For the actual ElasticSearch configuration however, this must be done using the following file:
<elasticsearch-install-dir>/config/elasticsearch.yml
The documentation for the various discovery options and how they may be configured is available here: https://www.elastic.co/guide/en/elasticsearch/reference/current/modules-discovery.html Depending on the cluster size, you will want to adjust the following parameters to make sure your setup is optimal in terms of performance and safety. Here is an example of a typical ElasticSearch cluster configuration:

script.engine.groovy.inline.update: on
# Protect against accidental close/delete operations
# on all indices. You can still close/delete individual
# indices
#action.disable_close_all_indices: true
#action.disable_delete_all_indices: true
#action.disable_shutdown: true
discovery.zen.ping.unicast.hosts: ["es1-unomi.apache.org","es2-unomi.apache.org","es3-unomi.apache.org", "es4-unomi.apache.org"]
network.host: es1-unomi.apache.org
transport.tcp.compress: true
cluster.name: contextElasticSearchExample
http.cors.enabled: true
http.cors.allow-origin: "*" (edited)

6.1.2 Multicast

Multicast makes it easier to setup cluster node in an "automatic" discovery, which can be very useful for setting up environments quickly such as test environments. However it is not recommended for production or even environments where multiple installs might co-exist in the same network, unless the installers have some solid experience with multicast network setups. Also it is only available on Apache Unomi, as ElasticSearch no longer supports multicast setups.

6.1.2.1 Apache Unomi

For multicast configuration in Apache Unomi, you will need to modify the <cxs-install-dir>/etc/hazelcast.xml file, more specifically the following section:

<join>
    <multicast enabled="true">
        <multicast-group>224.2.2.3</multicast-group>
        <multicast-port>54327</multicast-port>
    </multicast>

6.1.2.2 ElasticSearch

Multicast is not supported by ElasticSearch anymore, you must use Unicast or one of the other cloud discovery modules (Amazon EC2, Microsoft Azure, Google Cloud Compute Engine)

6.1.3 Unicast

6.1.3.1 Apache Unomi

The configuration for Unicast must be done in the <cxs-install-dir>/etc/hazelcast.xml file on all nodes:

<join>
    <multicast enabled="false">
        <multicast-group>224.2.2.3</multicast-group>
        <multicast-port>54327</multicast-port>
    </multicast>
    <tcp-ip enabled="true">
        <interface>127.0.0.1</interface>
    </tcp-ip>

6.1.3.2 ElasticSearch

In production, you must use unicast zen discovery. This works by providing ElasticSearch a list of nodes that it should try to contact. Once the node contacts a member of the unicast list, it will receive a full cluster state that lists all nodes in the cluster. It will then proceed to contact the master and join. The unicast protocol is activated by providing a list of hosts (IP + port number) to contact. The following changes have to be applied to the <elasticsearch-install-dir>/config/elasticsearch.yml file:

discovery.zen.ping.unicast.hosts=["es1-unomi.apache.org:9300", "es2-unomi.apache.org:9300"]

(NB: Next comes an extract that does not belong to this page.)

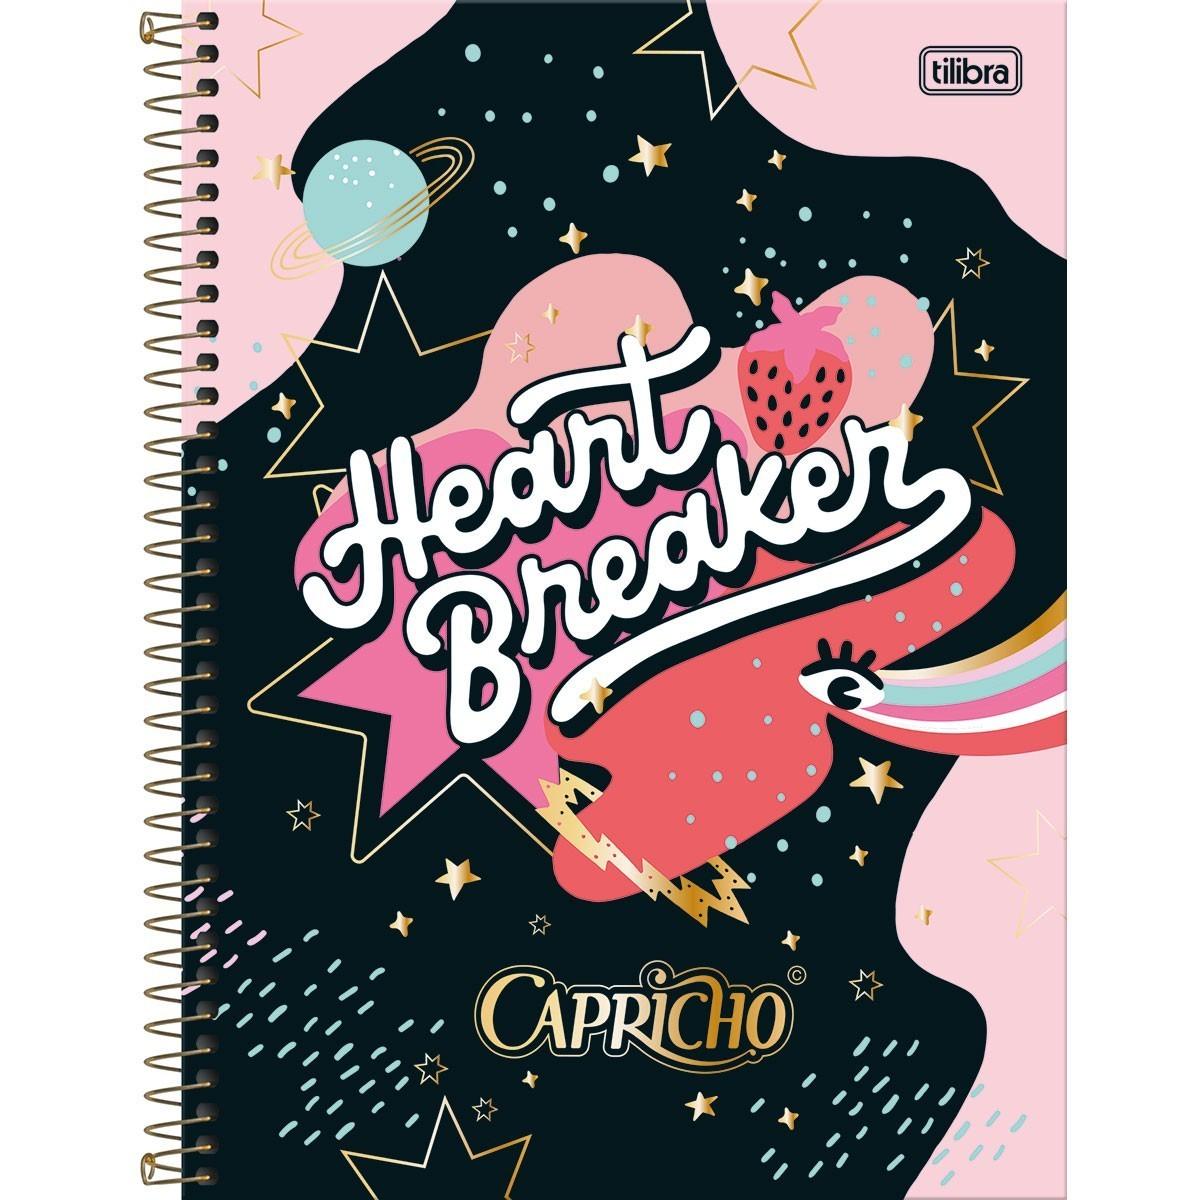 Caderno Espiral Capa Dura Universitário 1 Matéria Capricho 80 fls - Unidade

6.2 Unomi key and event security

As documented in section 3.2.5 of the Installation guide, in a cluster the event security IP address list must be updated to include all the IPs of all the DX servers that will be talking to it. For example you must modify the org.apache.unomi.thirdparty.cfg file to look something like this:

thirdparty.provider1.key=<generated-unomi-key>
thirdparty.provider1.ipAddresses=127.0.0.1,::1,127.0.0.2,127.0.0.3

6.3 Recommended configurations

In this section we provide examples of some Apache Unomi ElasticSearch settings for different cluster sizes. All of these must be configured in the following file:

org.apache.unomi.persistence.elasticsearch.cfg

This concerns mostly replication, which makes the setup more resistant to failures. For more information about ElasticSearch replication, please consult the following resource: https://www.elastic.co/guide/en/elasticsearch/guide/current/replica-shards.html

The recommended number of nodes for an ElasticSearch cluster is 3-nodes, which strikes the perfect balance between reliability, scalability and performance. It is possible to run smaller clusters (even with a single node), but those will require downtime should anything happen to a node. Also since replicas are only recommended above 2 nodes, no redundence will exist in the system and only backups (using ElasticSearch snapshots) will protect again any failure.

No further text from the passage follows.